A Heritage and Its History
- First edition
- Author: Ivy Compton-Burnett
- Language: English
- Genre: Family saga
- Publisher: Gollancz
- Publication date: 1959
- Publication place: United Kingdom
- Media type: Print (hardback)
- Pages: 240 pp

= A Heritage and Its History =

1959 novel by Ivy Compton-Burnett

A Heritage and Its History is a novel by Ivy Compton-Burnett first published in 1959 by Victor Gollancz.

==Plot summary==

69-year-old Sir Edwin Challoner lives with his extended family in a grand old house in rural Southern England. Unmarried, he has no direct issue, and the person closest to him is his younger brother Hamish, who is also his business associate. Hamish has a wife, Julia, and two sons, Simon, aged 25, and Walter, three years younger, who has dropped out of Oxford to be a poet.

When Hamish Challoner dies of a heart condition, Simon prepares to become head of the house, as everyone assumes that it will only be a matter of a few years, if not months, before Sir Edwin also dies. However, the lonely old patriarch surprises them by announcing his impending marriage to their neighbour Rhoda Graham, who is more than 40 years his junior. After the newlyweds have returned from their honeymoon, Simon and Rhoda share a moment of unbridled passion in the old house ("Youth and instinct did their work"), and Rhoda becomes pregnant. As Sir Edwin and his wife have not had any sex during their brief marriage, there is no doubt as to who has sired the child. However, Sir Edwin decides to be its legal father, and swears Simon, Rhoda, and Walter to secrecy about the paternity of Rhoda's baby. When a healthy boy is born, he names him Hamish in honour of his deceased brother.
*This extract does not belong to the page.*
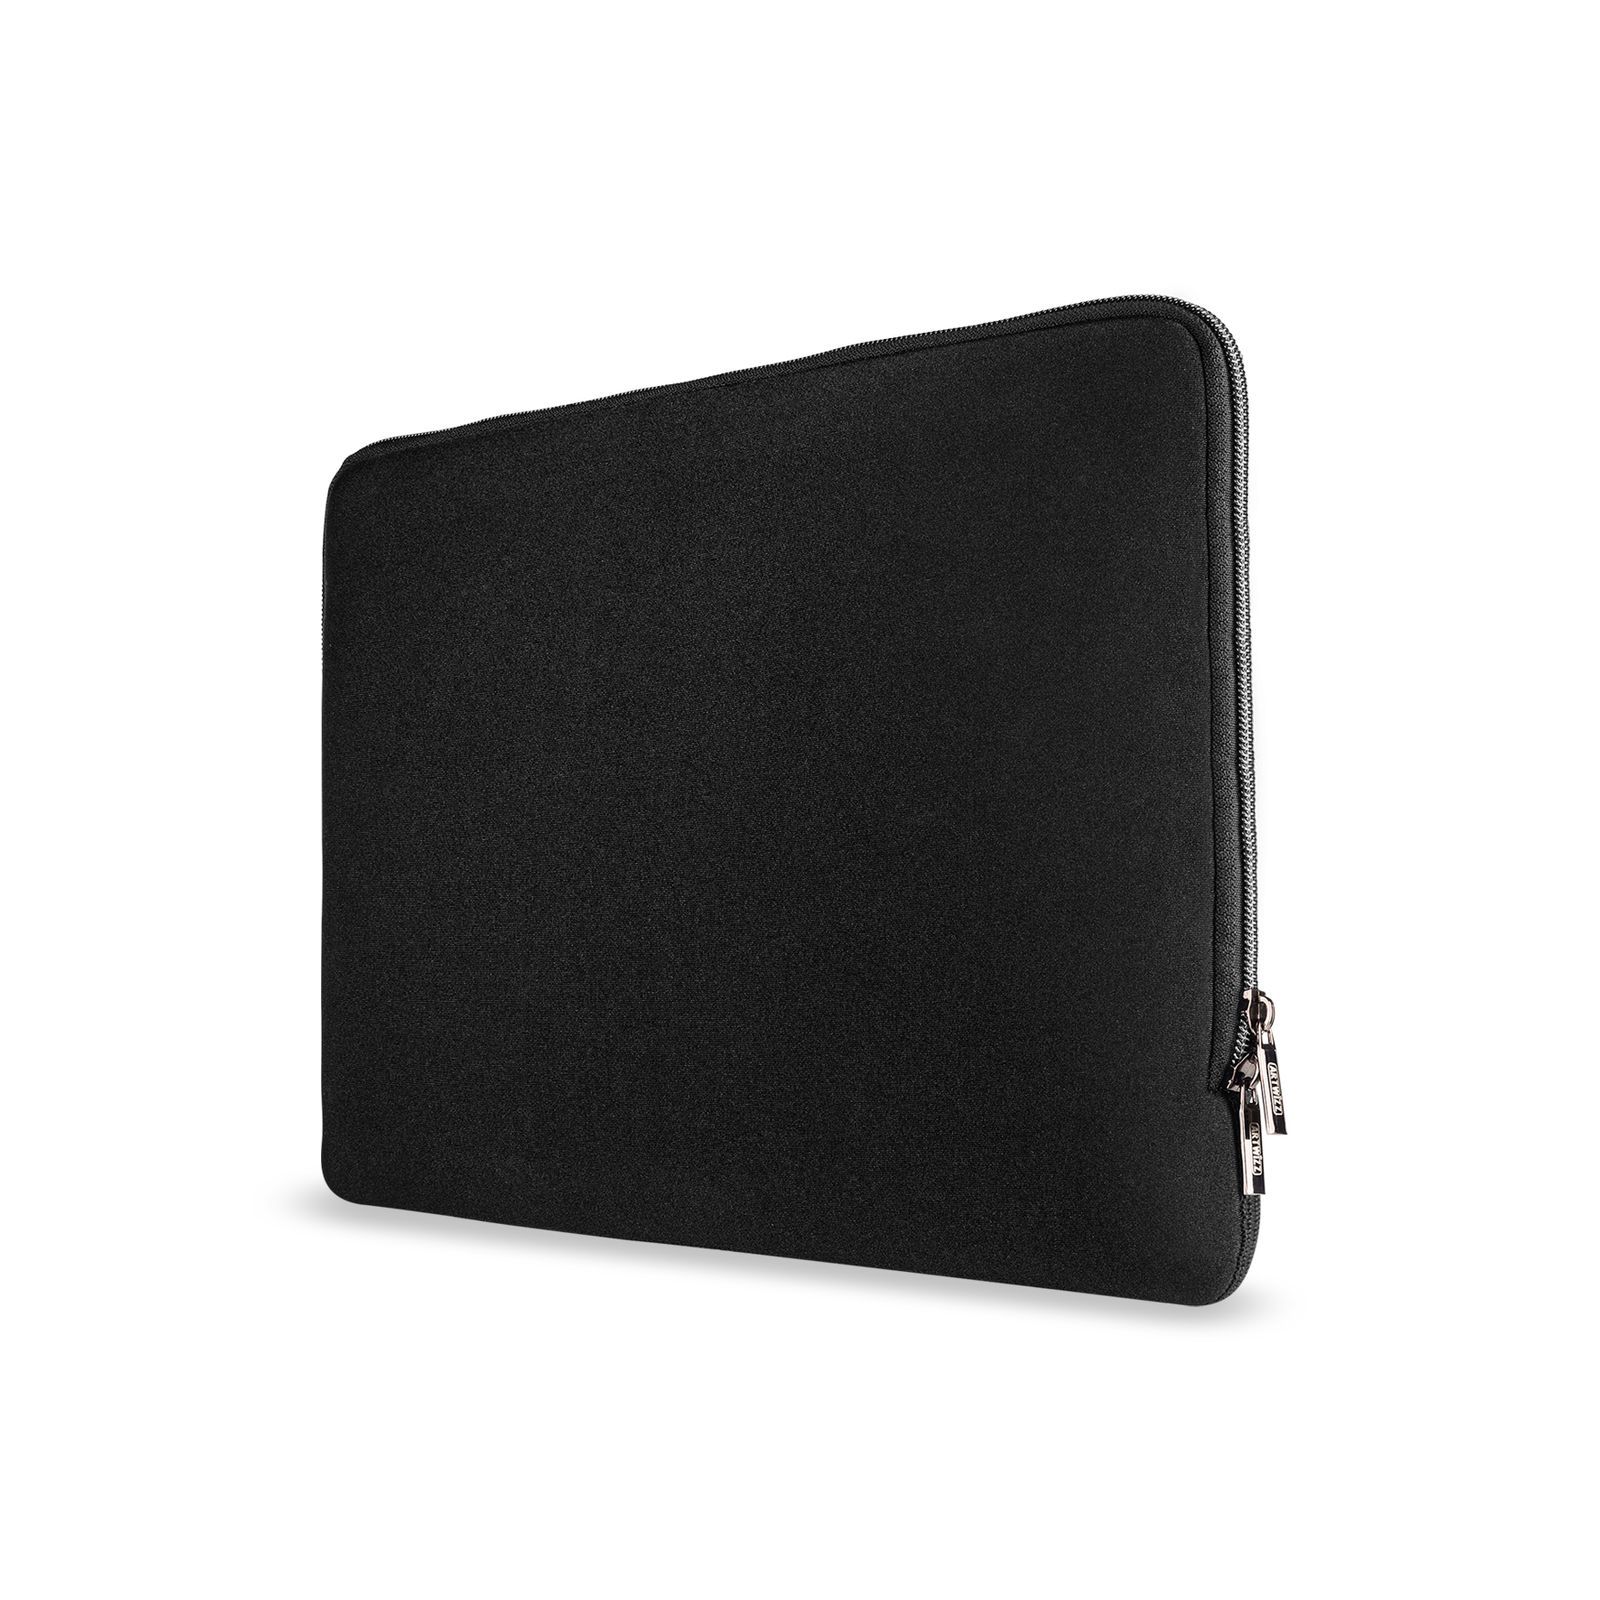 Sleeve Neoprene Tablet ARTWIZZ Apple Sleeve Neopren, für Schwarz Sleeve

The implications of this arrangement, ostensibly contrived to keep up appearances, are far-reaching. Suddenly Simon finds himself no longer in a position to inherit his uncle's fortune, which has been the only object of his life ever since he was a child, and he only has himself to blame for it. In addition, he feels that the natural order of things has been turned upside down as now his own son is to precede him as heir to the family estate. When, on top of all that, Sir Edwin asks Julia, Walter and Simon to live elsewhere, the latter feels "displaced" as well as "deposed". It occurs to him that, as a sort of recompense, he might marry Fanny Graham, Rhoda's younger sister, and move into the Grahams' large house, almost empty now, which is conveniently close to the family seat. A few weeks after that, the marriage is announced.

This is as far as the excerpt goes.